Walter and Ruth Biskov arrived here in the mid-1970s from Loskia, then a small satellite state of the ill-fated USSR. This lent their English, while grammatically perfect, a seductive accent – most pleasant to the ear and an effective door-opener in late twentieth century Australia.

    Ruth immediately found a job sewing sleeves into shirts while Walter went to work in the food markets. Neither job bore any relationship to the sophisticated skills each had acquired at elite Soviet universities. Ruth, a talented musician, used her excellent ear to study and absorb languages. She could speak nine fluently. 

    For his part, Walter had earned a first class honours degree from the Moscow Institute of Physics and Technology where he studied theoretical and applied physics, applied mathematics and data analysis.

    But the locals were not interested in all that. They warmed to the fun young couple who were keen to join in whatever the community offered. The exotic pair worked hard at their menial jobs without complaint and were first with their hands out when someone needed help.

    Over time, Walter and Ruth introduced small offerings from their own culture, largely food, some song and, when the party needed a kick along, a vodka distilled from the canchee bulb which they found growing in abundance along the highway’s edge that led out of town.

    Buying in

    The shop, land and dwelling cost them $97,000 in 1981. Rumour had it that they paid for it in cash but they would neither confirm nor deny this when asked. It was out near The Barracks, the home of the Australian 13th Commando Force and the 4th Australian Signals Directorate.

    It is hard to imagine that a delicatessen offering a mix that included specific European victuals could have survived in such an environment – populated largely by transient military families putting down short roots only to have them excavated with little warning as the breadwinner’s presence [read male parent] was suddenly and immediately needed elsewhere in this wide brown land, or even overseas.

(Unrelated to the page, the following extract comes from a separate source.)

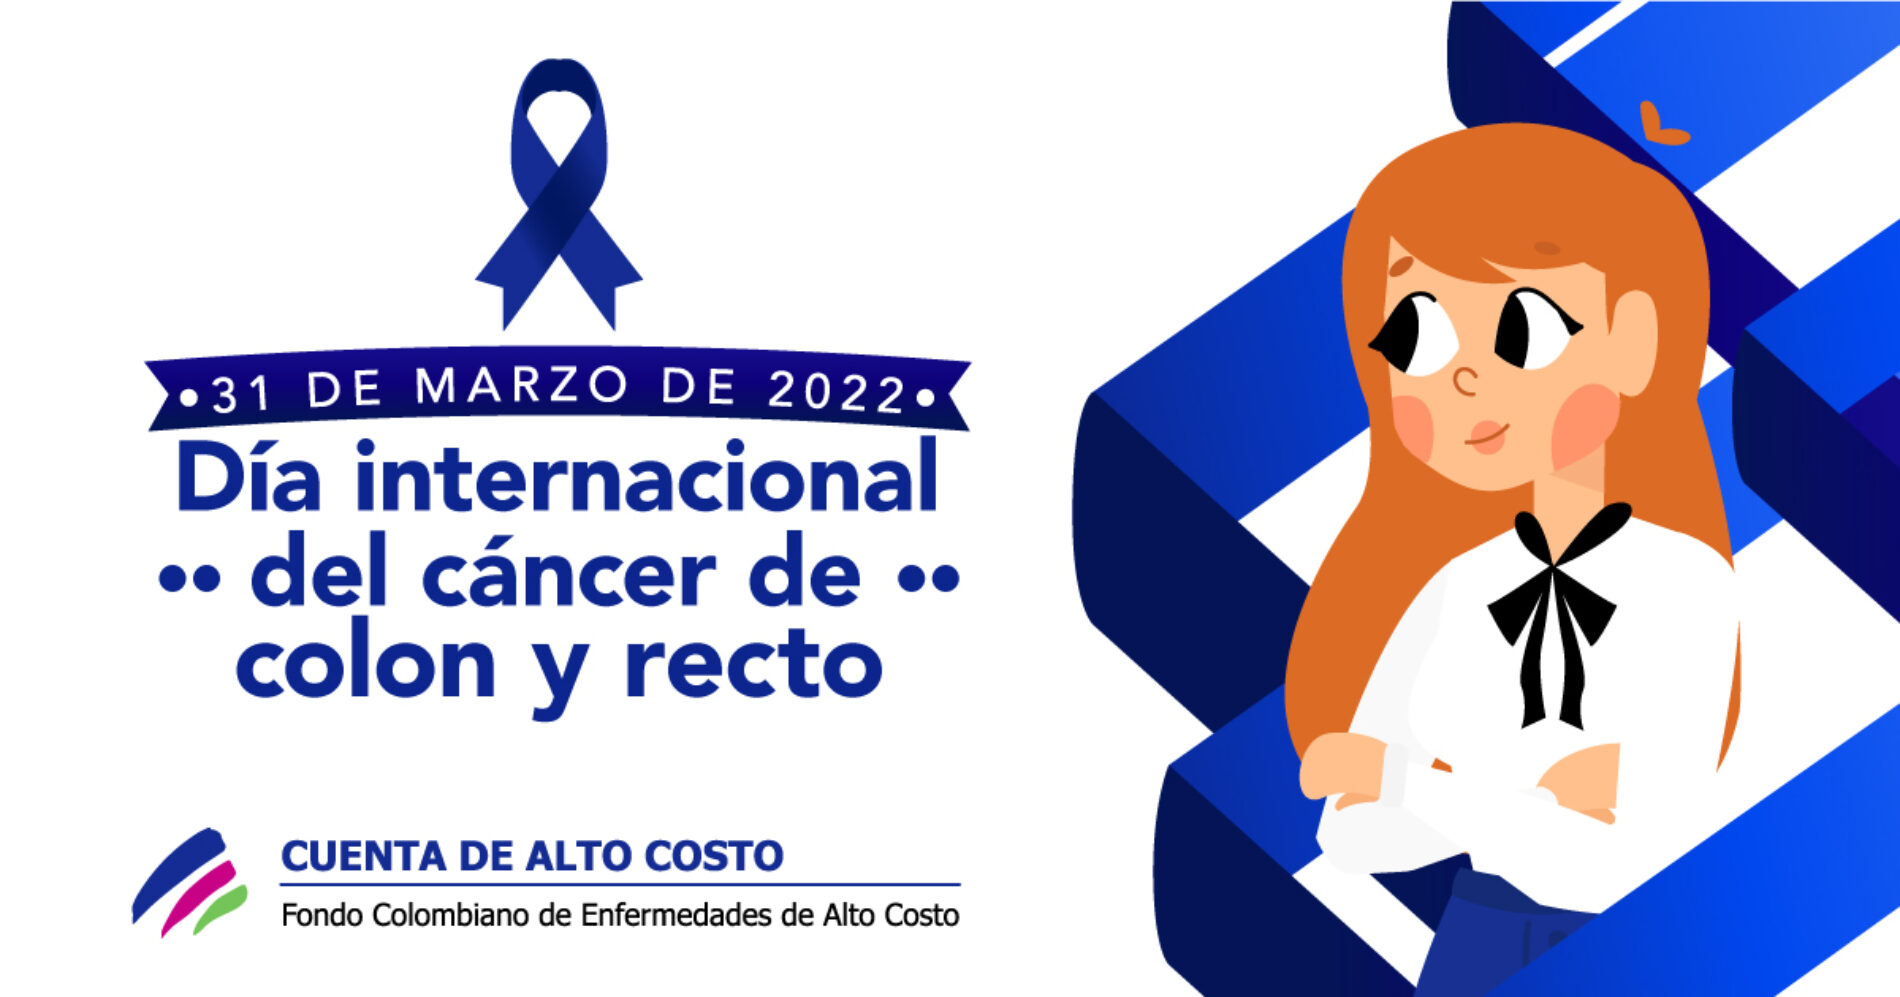 Avances y retos en la atención del cáncer de cólon y recto en Colombia

    The stayers, the remainder of the inhabitants of this bleak suburb were ‘battlers’, unsophisticated Aussies grateful for a foothold in the highly-desired home ownership stakes near serious defence money that guaranteed a decent education for their children and top shelf health care, no matter what misfortune befell The Economy.

    Walter and Ruth Biskov became Wallo and Roofie Bishoff as the locals offered their spin on the awkward names the pair brought with them. The couple read the community well. They immediately changed their names by deed poll. The photo shows them grinning madly in front of their new store beneath an elaborately painted sign that boasted ‘Wallo and Roofie’s Deli’ and in smaller type: ‘Your Economic Grocers’.


    Wallo and Roofie began by offering fresh seasonal foods and a wide range of day-to-day basics – bread, milk, butter, sugar etc.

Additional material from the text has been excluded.